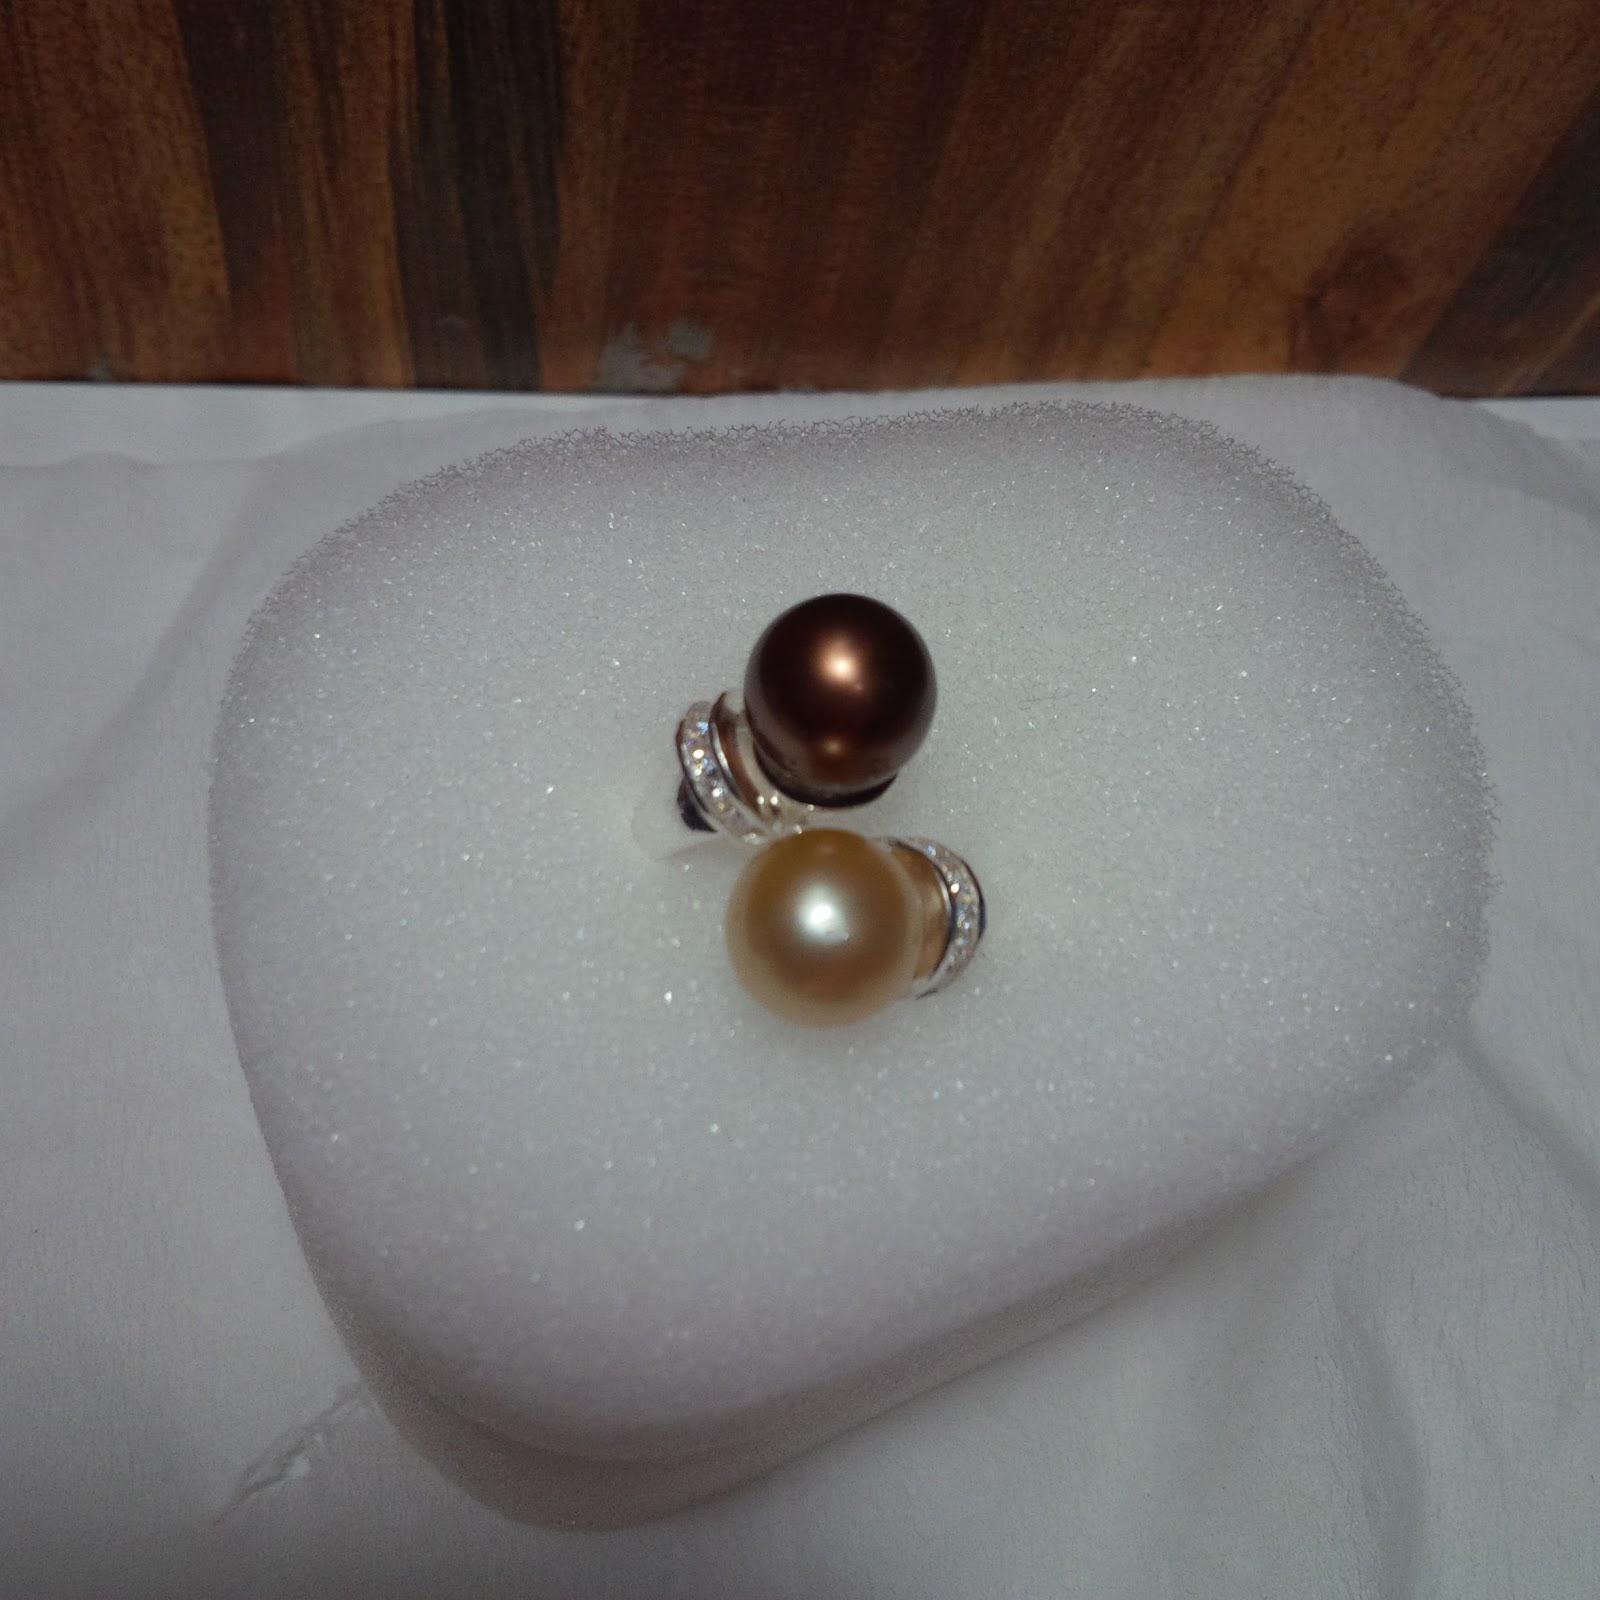 Perhiasan Perak Harga Mutiara Lombok Model Gelang 1 Set Batu Emas Putih Bakar Grosir Murah Toko Silver Bisnis
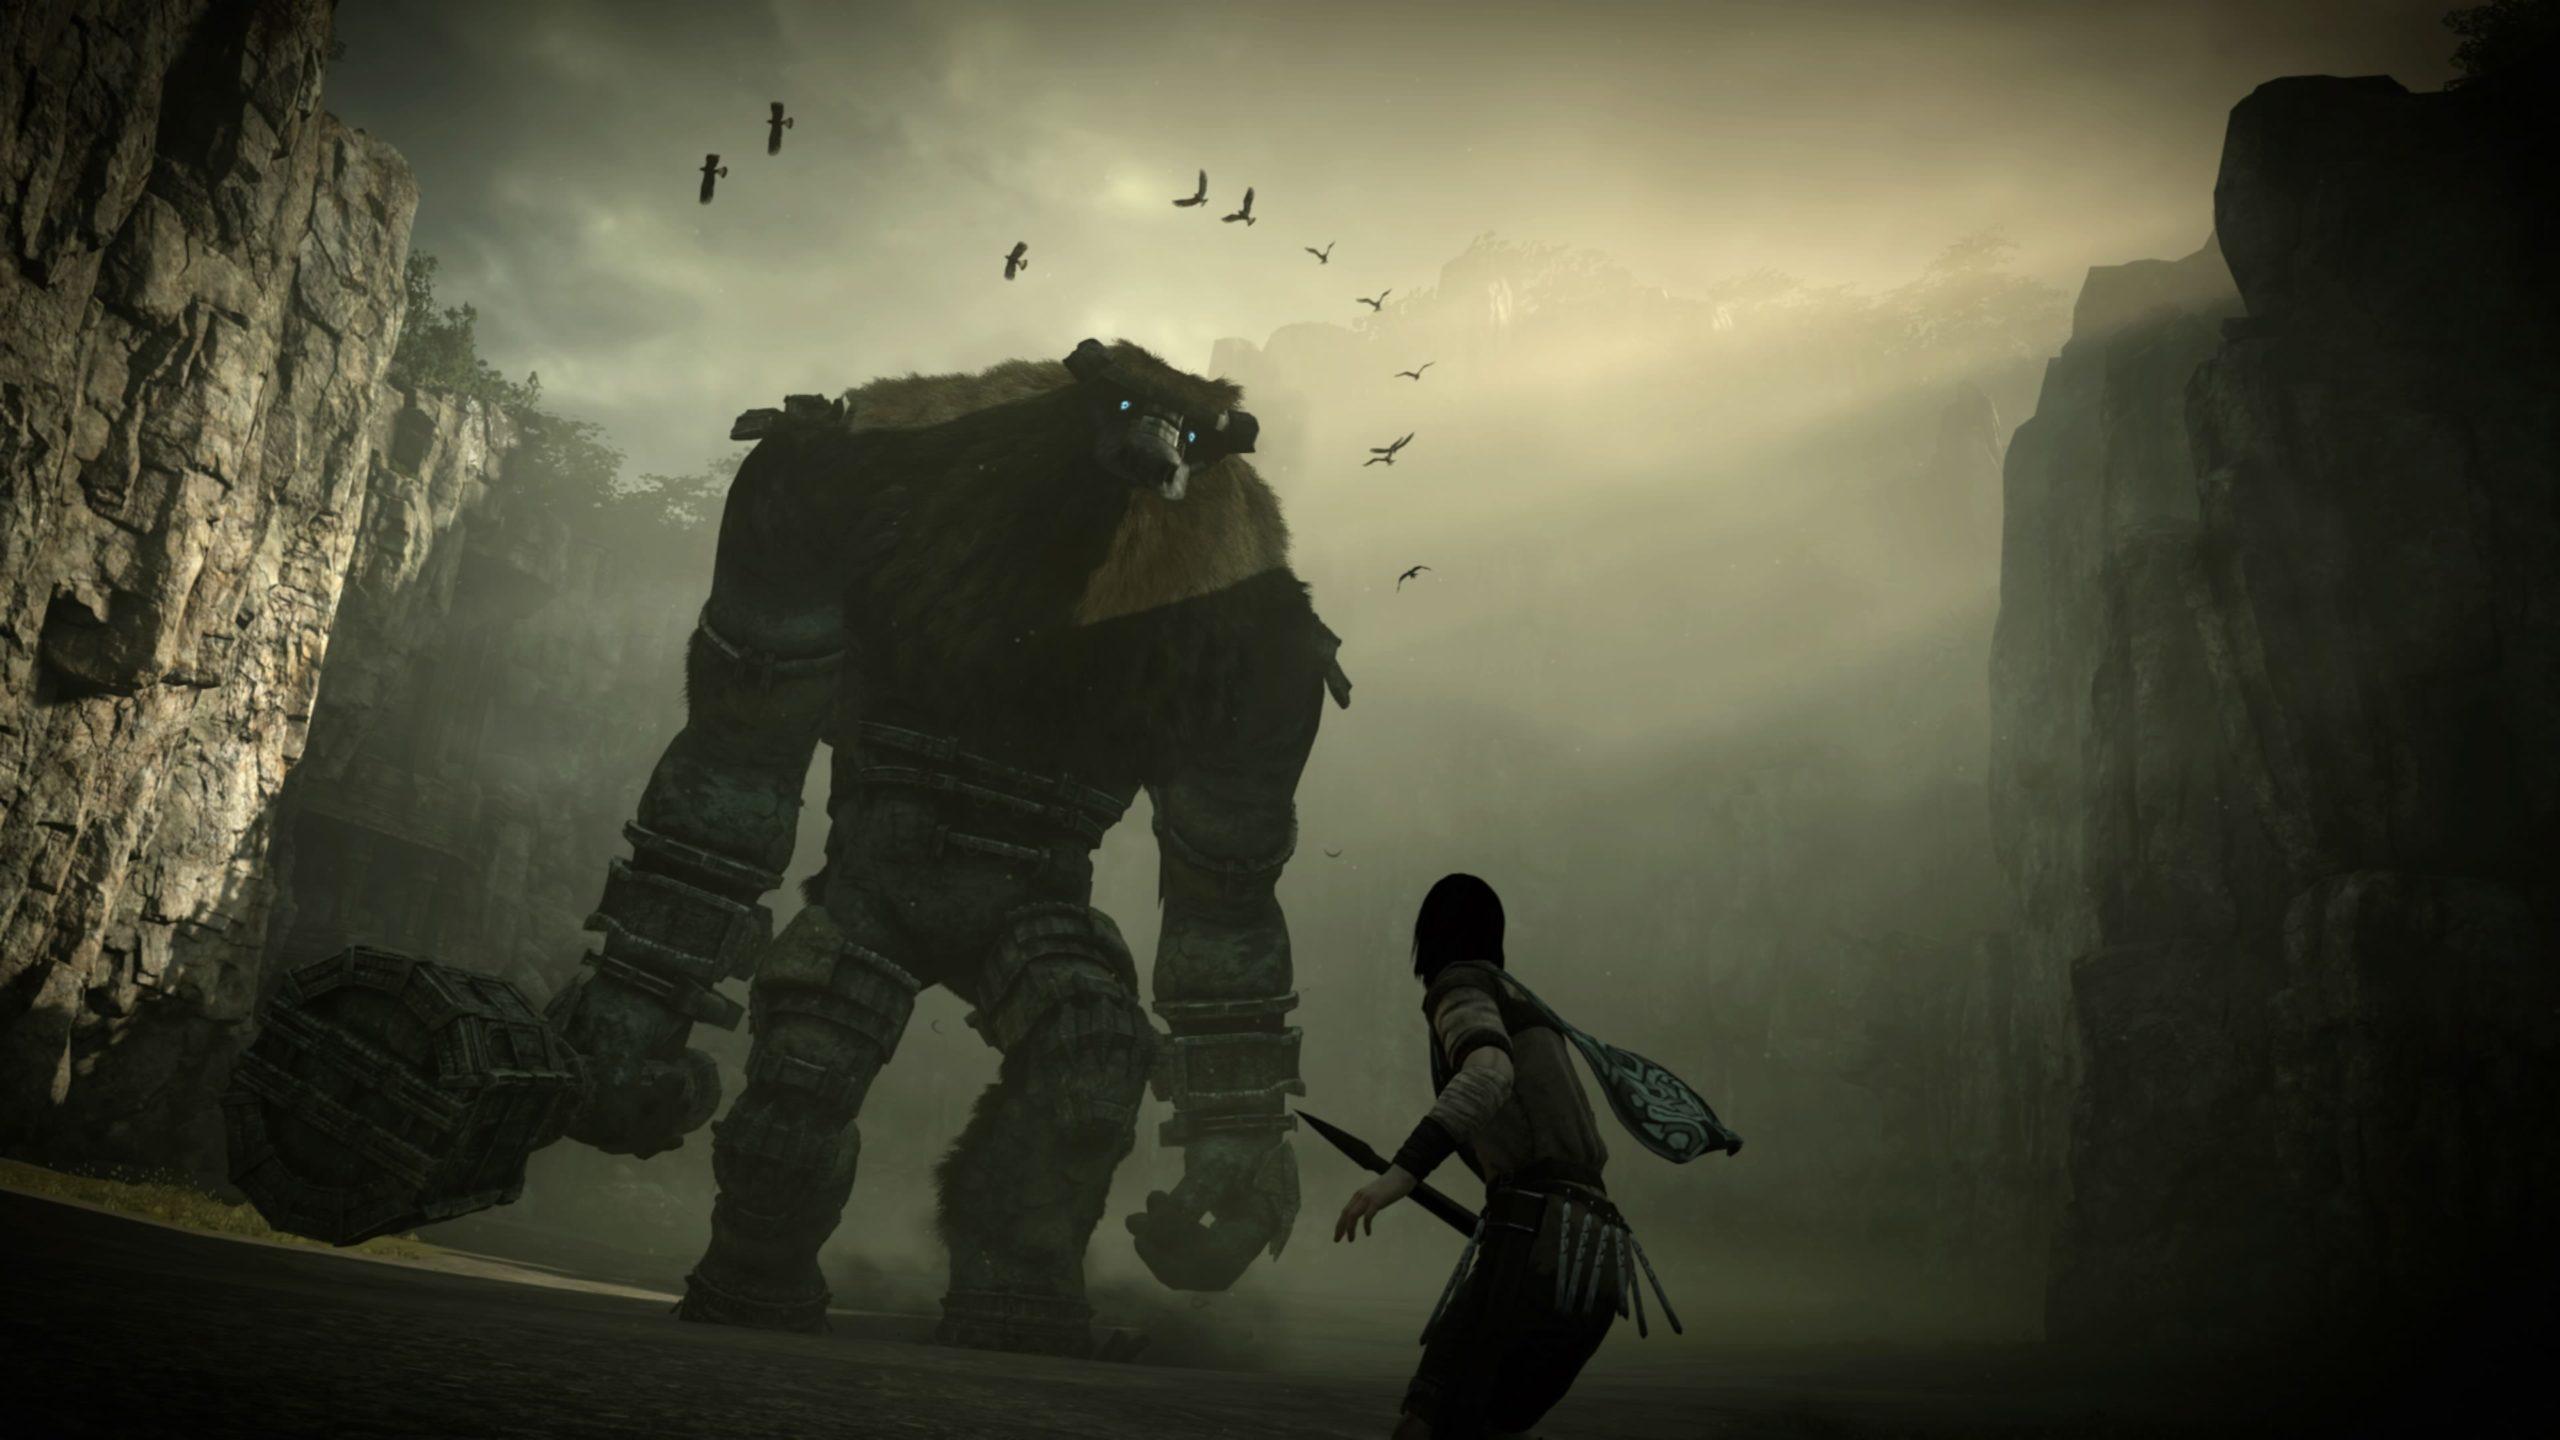 Um gigante parecido com uma montanha segura um porrete na mão direita e está prestes a enfrentar um humano, que segura uma lança. A cena do jogo é escuro e sombreada, vemos apenas o contorno dos personagens, sem muitos detalhes
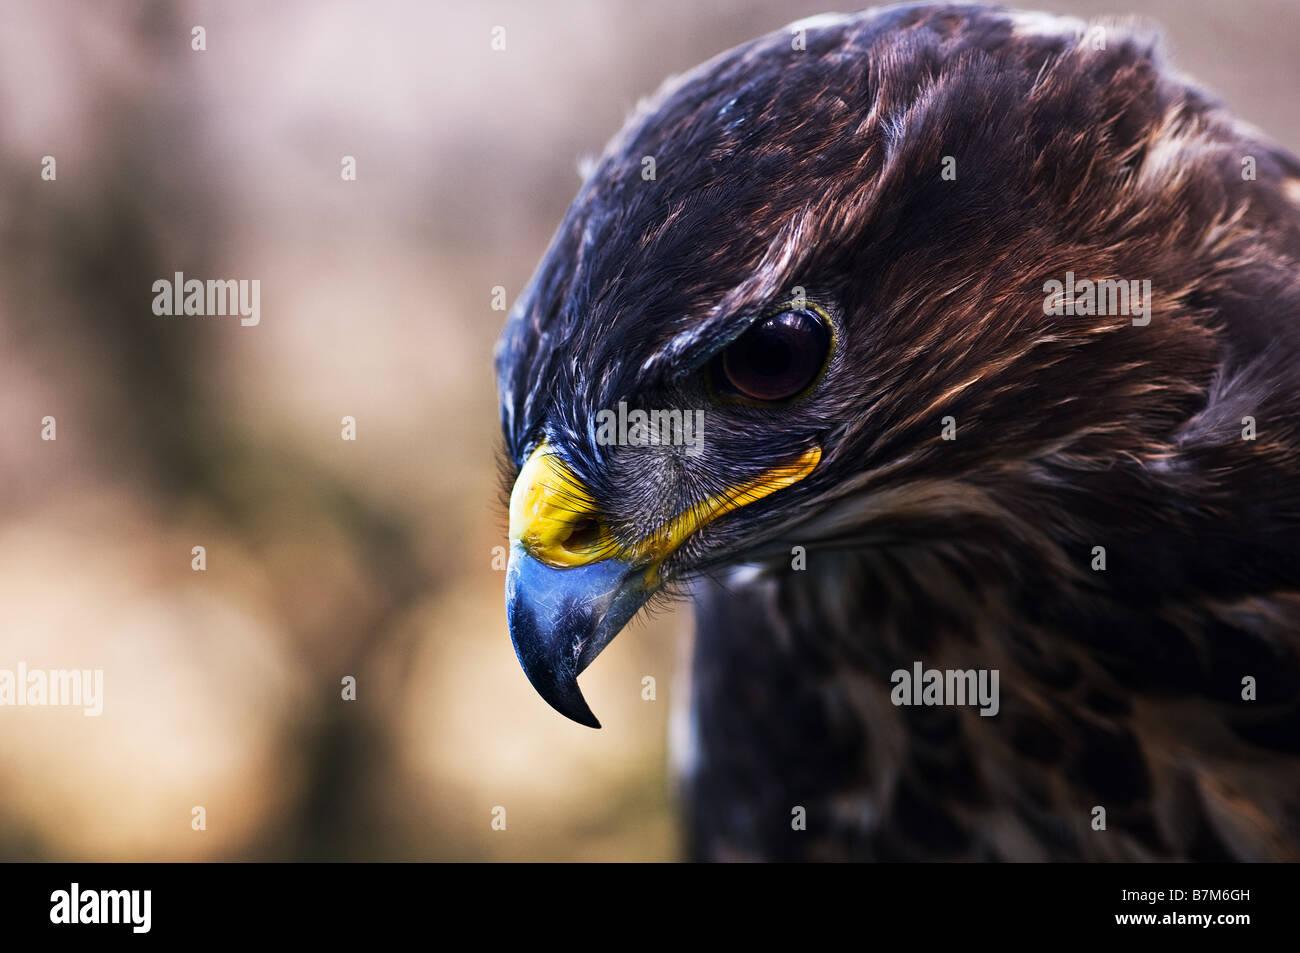 A closeup of a Common Buzzard. - Stock Image

⁂

| Action item |
All of the data above is to be repeated exactly, with the pictures left out.

| Solution to this problem |
 Perhiasan Perak Harga Mutiara Lombok Model Gelang 1 Set Batu Emas Putih Bakar Grosir Murah Toko Silver Bisnis
 Um gigante parecido com uma montanha segura um porrete na mão direita e está prestes a enfrentar um humano, que segura uma lança. A cena do jogo é escuro e sombreada, vemos apenas o contorno dos personagens, sem muitos detalhes
 A closeup of a Common Buzzard. - Stock Image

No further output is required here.